Возможно, увидев список очереди на А4, Пётр и сделал вывод, что мешкать не стоит. Список был плотный. Это как в очереди: запишись, дождись, получи, уйди на безопасное расстояние. Там, где очередь, там всегда напряжение. Если кто-то потеряет баланс, то мгновенно последует склока. Пётр не из тех, кто создаёт склоки.
Это последнее, что снилось Петру перед смертью.
Когда он задерживал дыхание в последний раз, погружаясь все ближе ко дну озера, он думал только о том, что объём его лёгких это и есть мерило его жизни. Как жаль, что об этом не думаешь, когда живёшь. И вот почему-то вспомнился сон.
Забавно. Обычно сны забываются сразу после пробуждения. Если потренироваться, то можно научиться помнить хотя бы один сон на утро. Затем становится понятно, что сны превращаются в скучные мотивы. Словно администратор снов выдаёт нашей памяти сны, как Дед Мороз подарки. Плохо себя вёл – получай яркий сон, с сюжетом и интригой. Хорошо себя вёл – на тебе скучные бродилки. Дед Мороз наоборот.
«Теперь мне понятно, как нужно воспринимать образы из снов, жаль, что я этого не понял раньше. Я бы мог объяснить человеку, пришедшему на приём, то, что ему нужно, быстро. Я бы не вяз в услужливости. Сразу бы сказал что медведь – это мать. Что падающие звёзды – это значимые люди.

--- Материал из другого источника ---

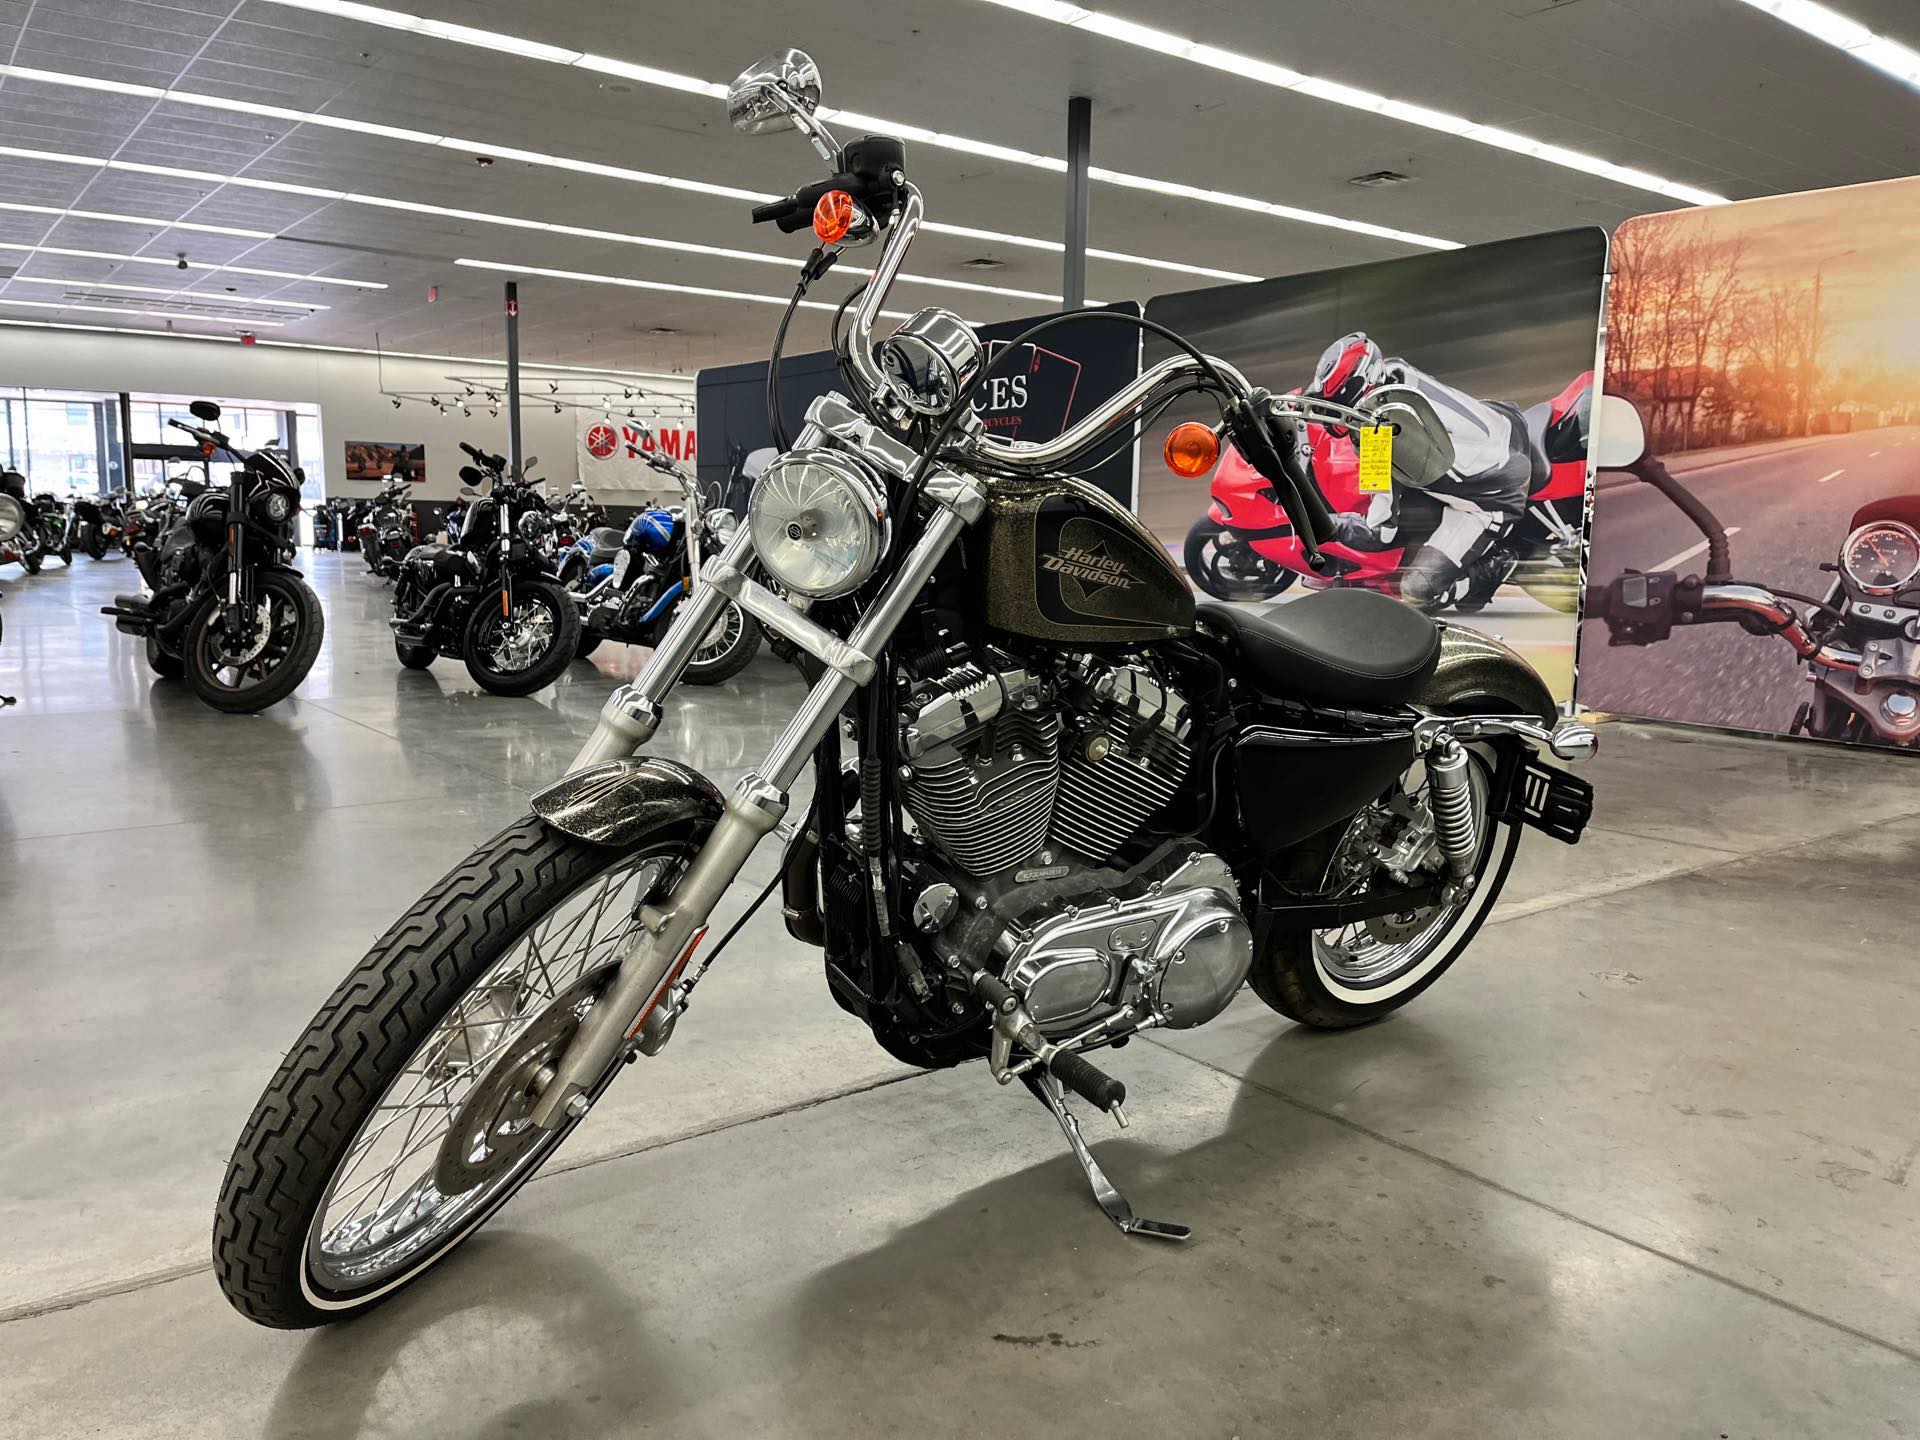 2016 Harley-Davidson Sportster Seventy-Two at Aces Motorcycles - Denver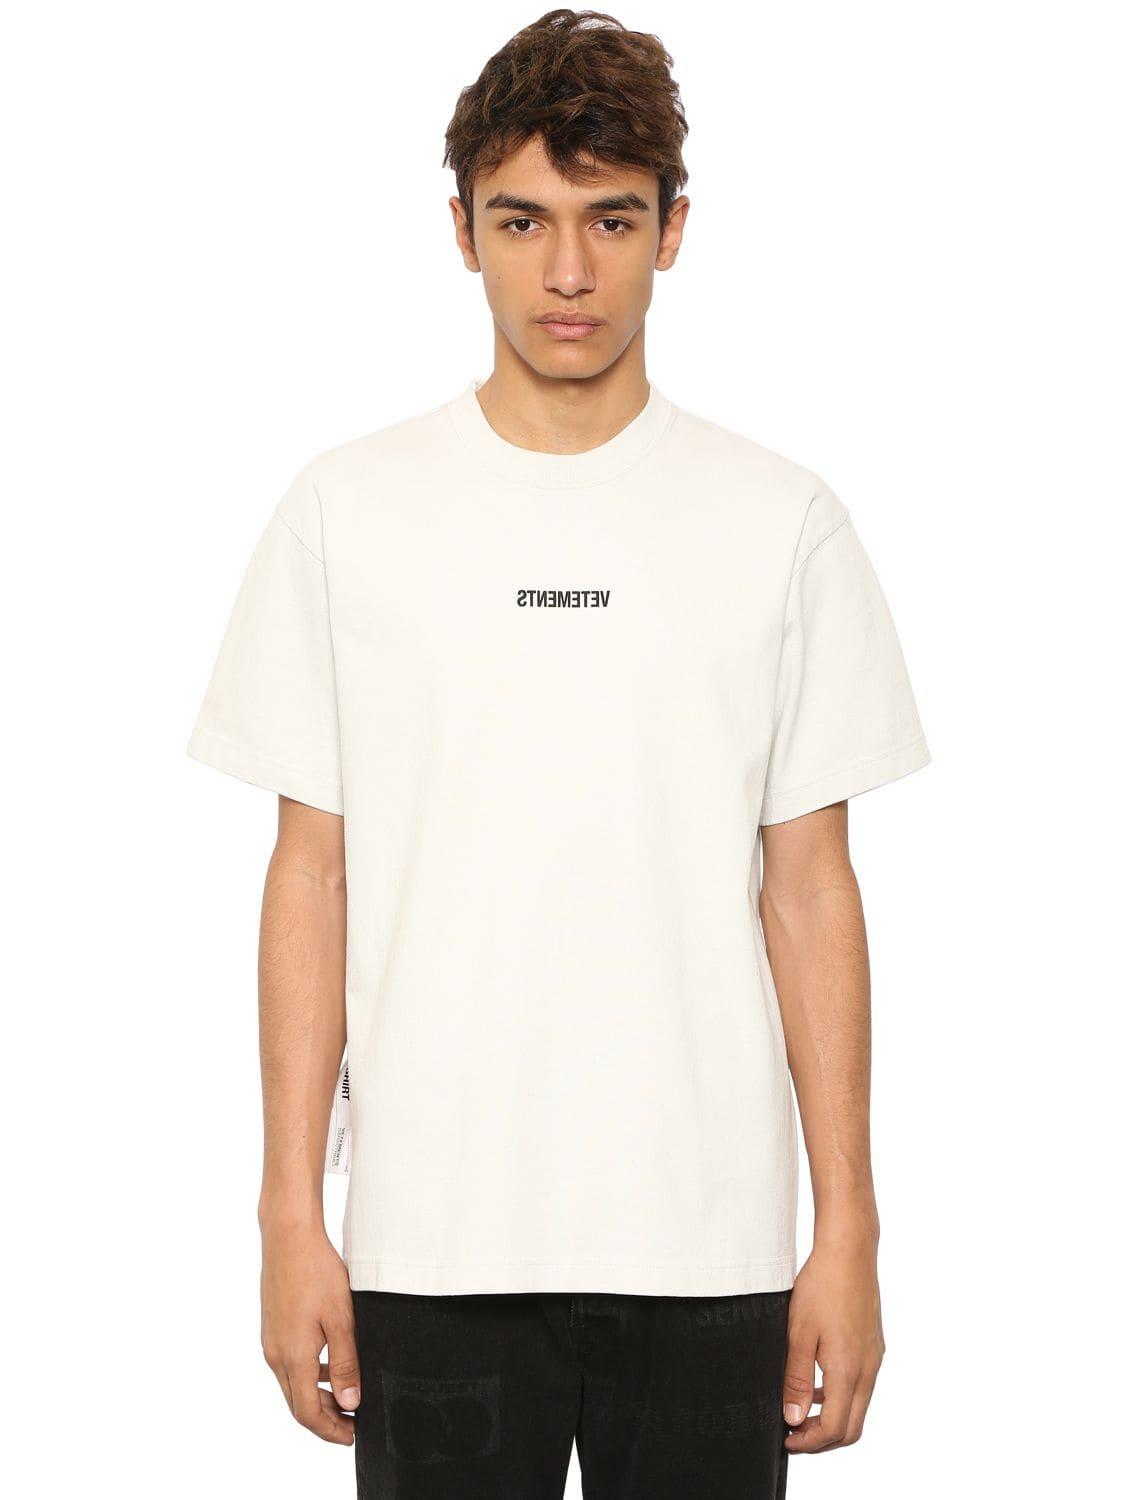 Vetements Oversize Reverse Logo Printed T-shirt in White for Men - Lyst

Я был бы идеальным сонником.
Единственное, что я успею, за время превращения воздушной смеси в моих лёгких, в углекислоту, которая и отравит жизнь моего мозга, это разобрать для себя свой последний сон.
Баба Шура – это моя бабушка. Теперь понятно, почему они тёзки. Сон выбирает самые простые и близкие ассоциации. У моей бабушки болели ноги. Тело её было грузным. Она когда шла, то переваливалась с больной ноги на больную. Наверно поэтому её походка перестала быть походкой. Болезнь ног лишает человека его индивидуальности в походке. Болезнь забирает часть отличий. Самый больной человек, у которого болит всё, что есть в его теле, это человек, который перестал отличаться. Если милого, как пела моя бабушка, можно было узнать по походке, то полностью больного человека вообще никак не узнать».
Калитка, выгоревшая на солнце и превратившаяся в старую из некогда новой, винит летнее солнце. Сама-то калитка может жить долго, но краска на ней беспомощна перед солнцем.
– Калитка это разум, сказал бы я теперь, – доживая последние молекулы кислорода, думал Пётр.